Self-star Properties in Complex Information Systems
Hi-index | 0.00 |
Multidestination message passing has been proposed as an attractive mechanism for efficiently implementing multicast and other collective operations on direct networks. However, applying this mechanism to switch-based parallel systems is non-trivial. In this paper we propose alternative switch architectures with differing buffer organizations to implement multidestination worms on switch-based parallel systems. First, we discuss issues related to such implementation (deadlock-freedom, replication mechanisms, header encoding, and routing).
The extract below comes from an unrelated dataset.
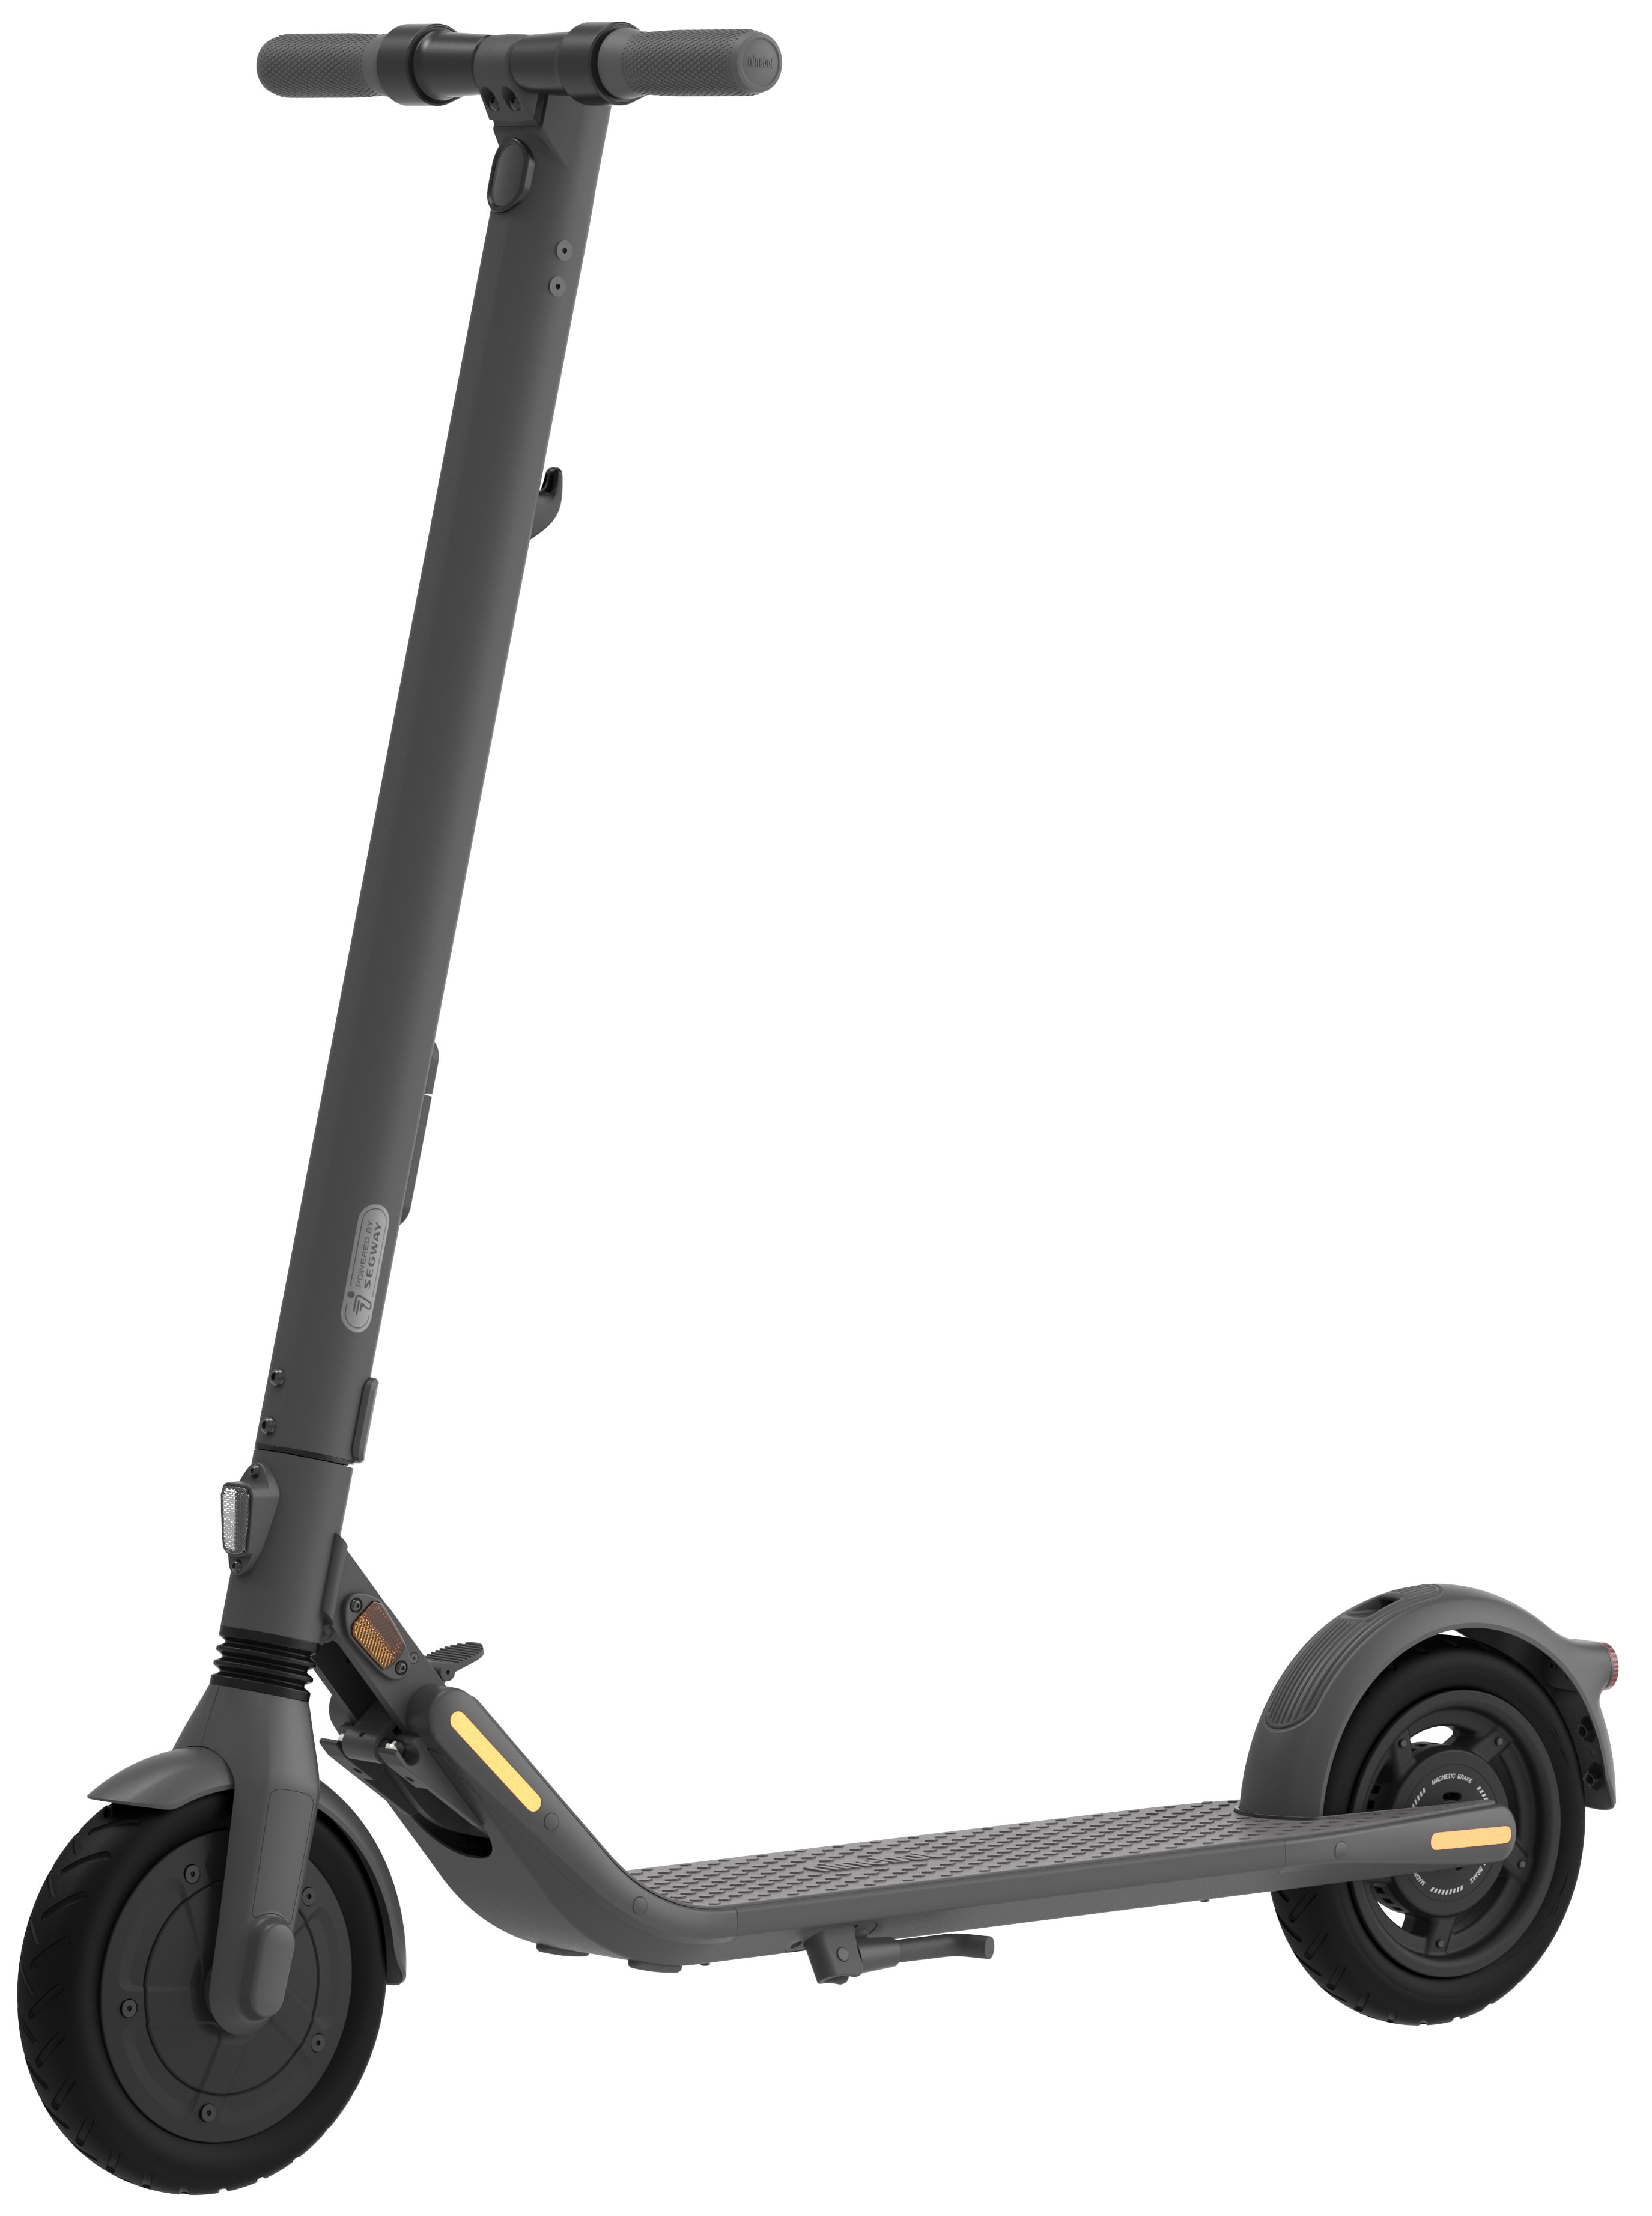 Segway Ninebot E25a Kick Scooter Electric, Motor Power, 9-inch Dual Density Tires, Lightweight and Foldable - Walmart.com

Next, we demonstrate how an existing central-buffer-based switch architecture supporting unicast message passing can be enhanced to accommodate multidestination message passing. Similarly, implementing multidestination worms on an input-buffer-based switch architecture is discussed. Both of these implementations are evaluated against each other as well as against a software-based scheme using the central buffer organization. Simulation experiments under a range of traffic (multiple multicast, bimodal, varying degree of multicast, and message length) and system size are used for evaluation. The study demonstrates the superiority of the central-buffer-based switch architecture. It also indicates that under bimodal traffic the central-buffer-based hardware multicast implementation affects background unicast traffic less adversely compared to a software-based multicast implementation. Thus, multidestination message passing can easily be applied to switch-based parallel systems to deliver good collective communication performance.